The adjustee and adjusting-from-illegality variables are jointly statistically significant in both the sex-specific principals’ equations and both the men’s equations, thus resembling the age variables. Among principals, the two lowest probabilities of asserting principal status are among the formerly illegal EWI/WI immigrants and the set with a UU/UN code. In contrast, among male nonprincipals, the EWI immigrants are most likely to say they are principals. At first blush, these results appear to be at odds with each other. However, both responses have a powerful element in common. The EWI immigrants have lived for years in the shadows, and as a survival strategy have learned to dissemble and to conceal. Here we find principals reluctant to reveal their principal status and nonprincipals appropriating it. These may be vestigial behaviors, as the formerly illegal emerge from the shadows and start to shed the habits of illegality.

Childhood religion does not reach statistical significance. However, it is interesting that the highest probability of the me-principal assertion among women nonprincipals is found among Jewish and Muslim women; the lowest probabilities are found among Hindu and other-religion women. The Muslim effect is provocative, as it may signal a mechanism for coping with gender inequality.

The coefficients for parental relative family income, though not statistically significant, hint at an interesting pattern. Among principals of both sexes, those from average

socioeconomic backgrounds have the highest probability of correctly identifying that they are principals. Among male nonprincipals, the richest are most likely to erroneously claim that they are the principal.

Finally, schooling does not reach significance in any equation. We also tested for a direct effect of having documents lost, but did not find any. Lost documents, of course, operate through visa depression. The origin area fixed effects are statistically significant in three of the four sex-specific equations and borderline (prob value of .0521) in the men’s nonprincipals equation.

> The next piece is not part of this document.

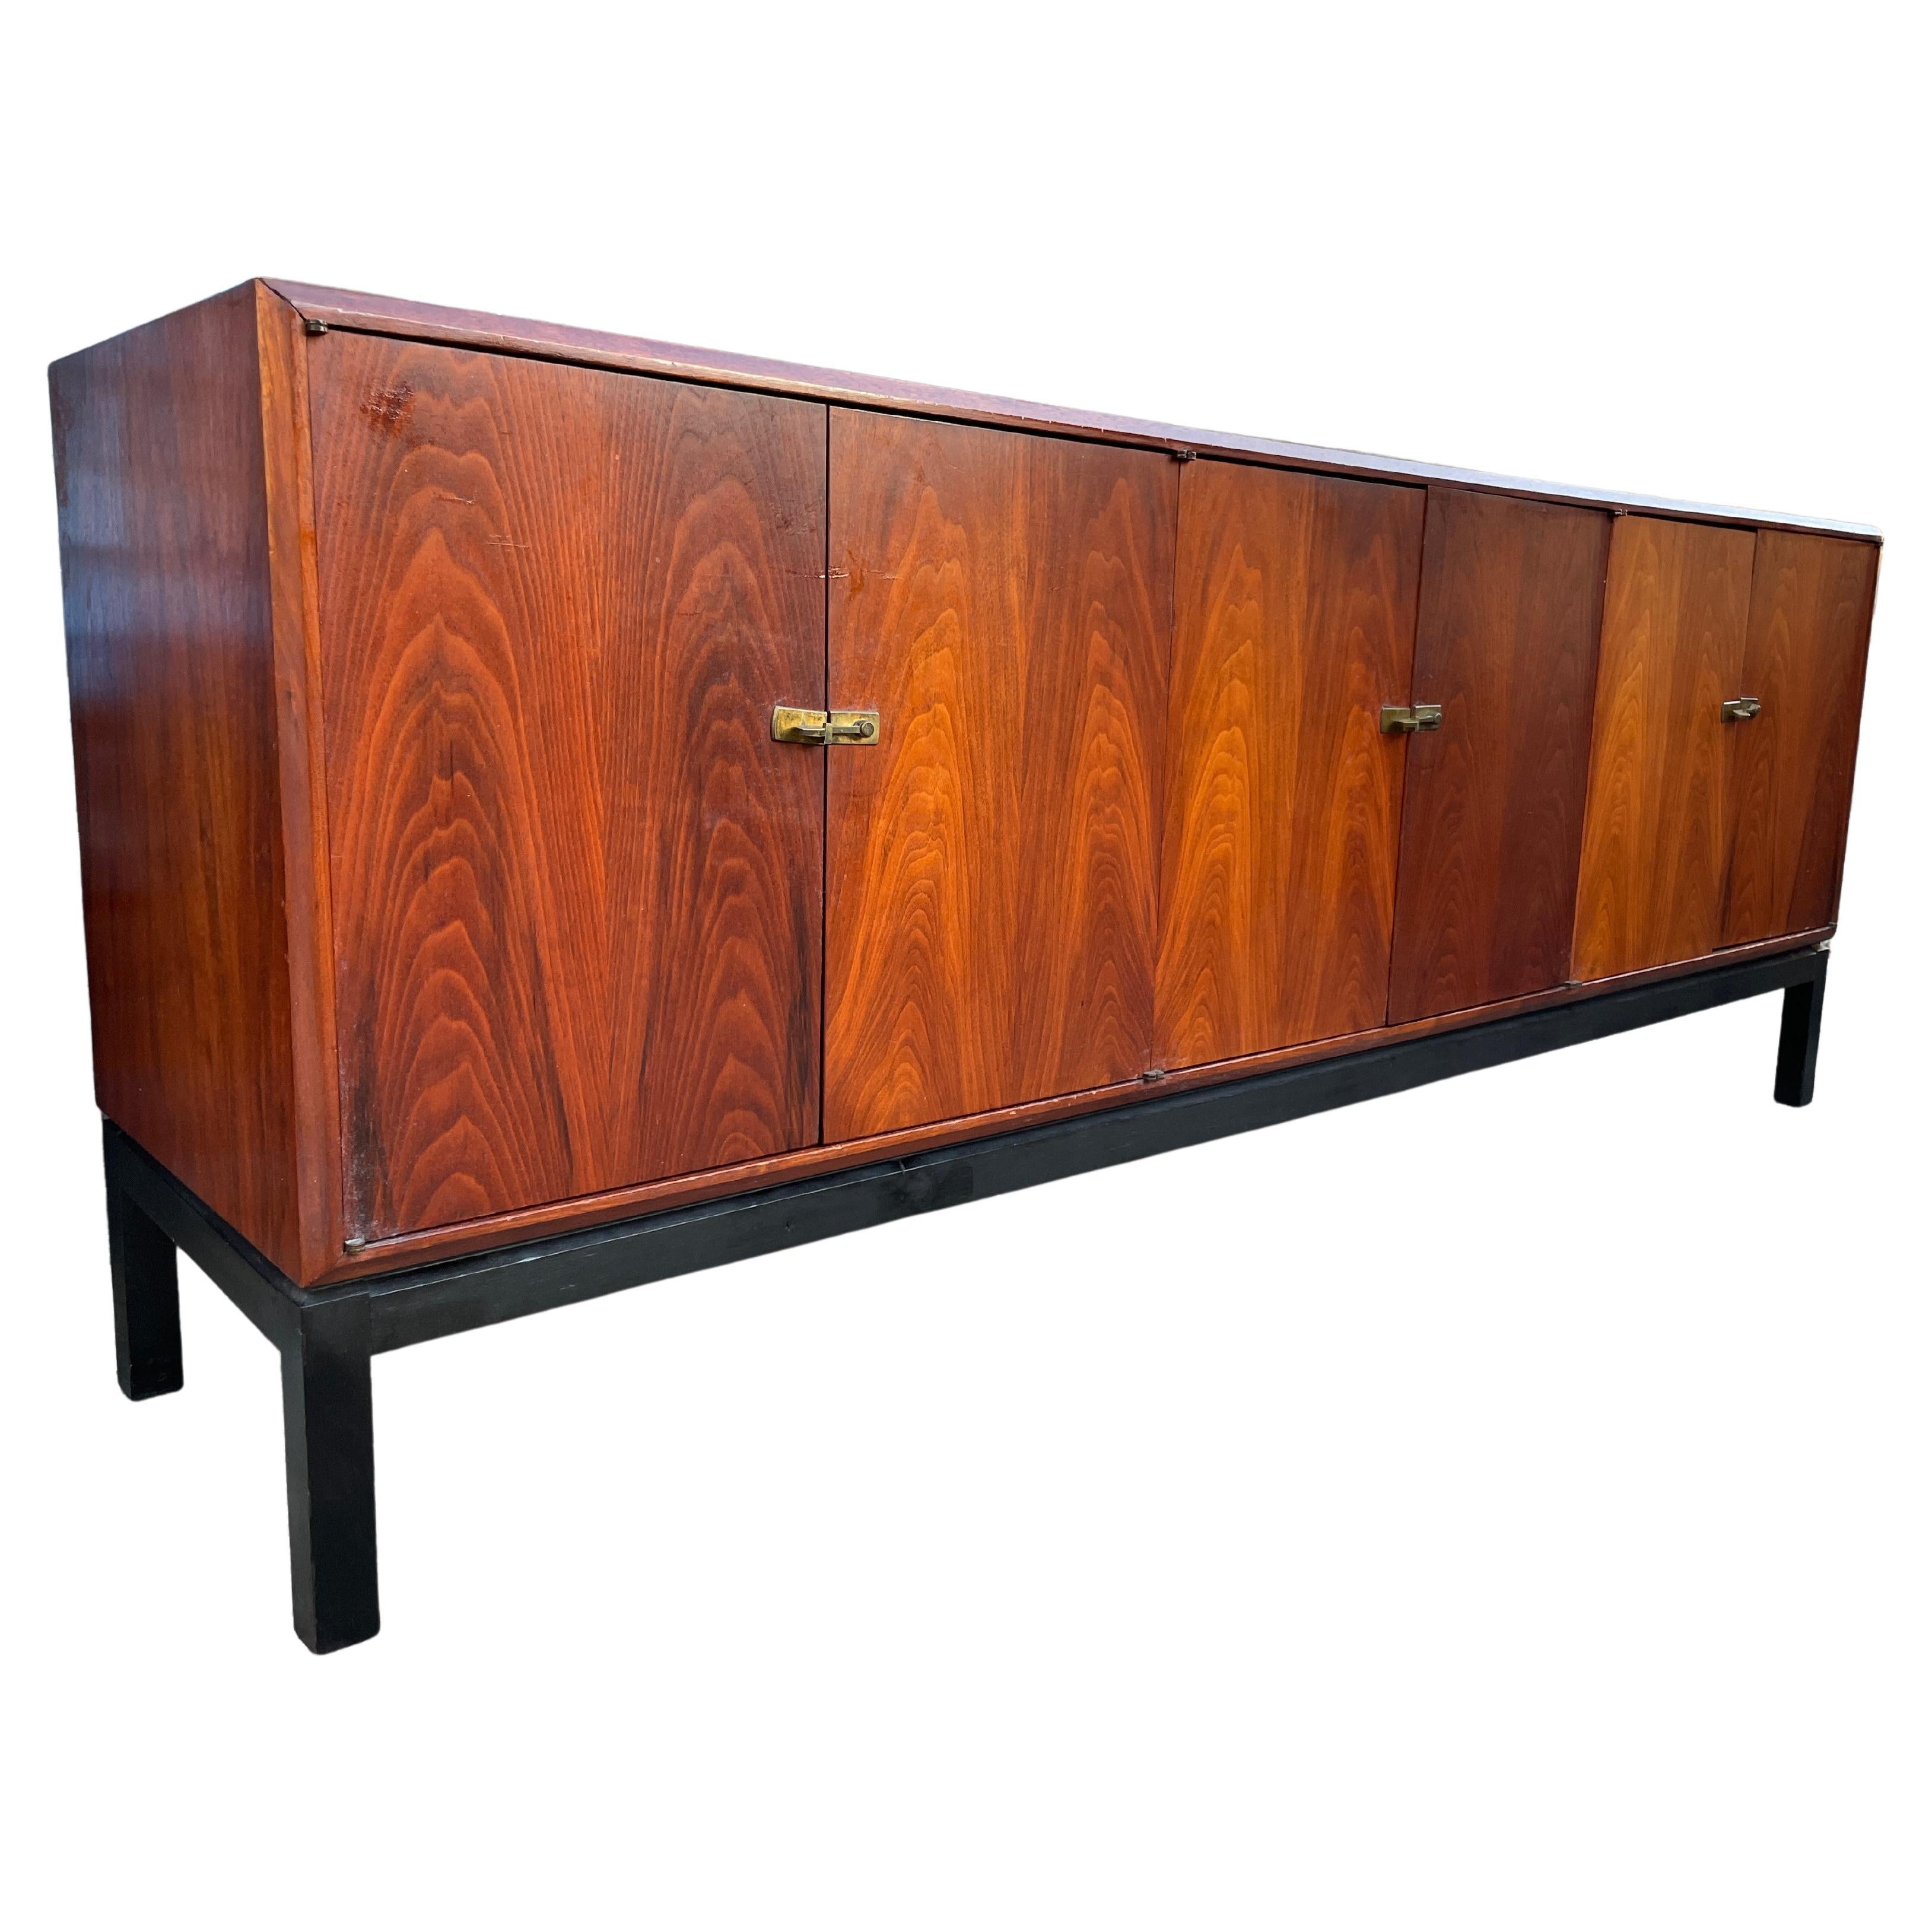 American Mid-Century Modern Walnut Credenza Sideboard 6 Cabinet Doors with 3 Drawers

More broadly, the gender difference in making the me-principal assertion raises the question whether a similar mechanism may be operating in social surveys – men systematically overstating, women systematically understating, their schooling and earnings -- contributing to the observed gender gap. Either the male or female component of such a mechanism would have far-reaching consequences, as discussed by Ruel and Hauser (2007). It is not often the case that survey data permit comparison of a respondent’s real and reported characteristics. The NIS may thus be useful in assessing the broader conjecture.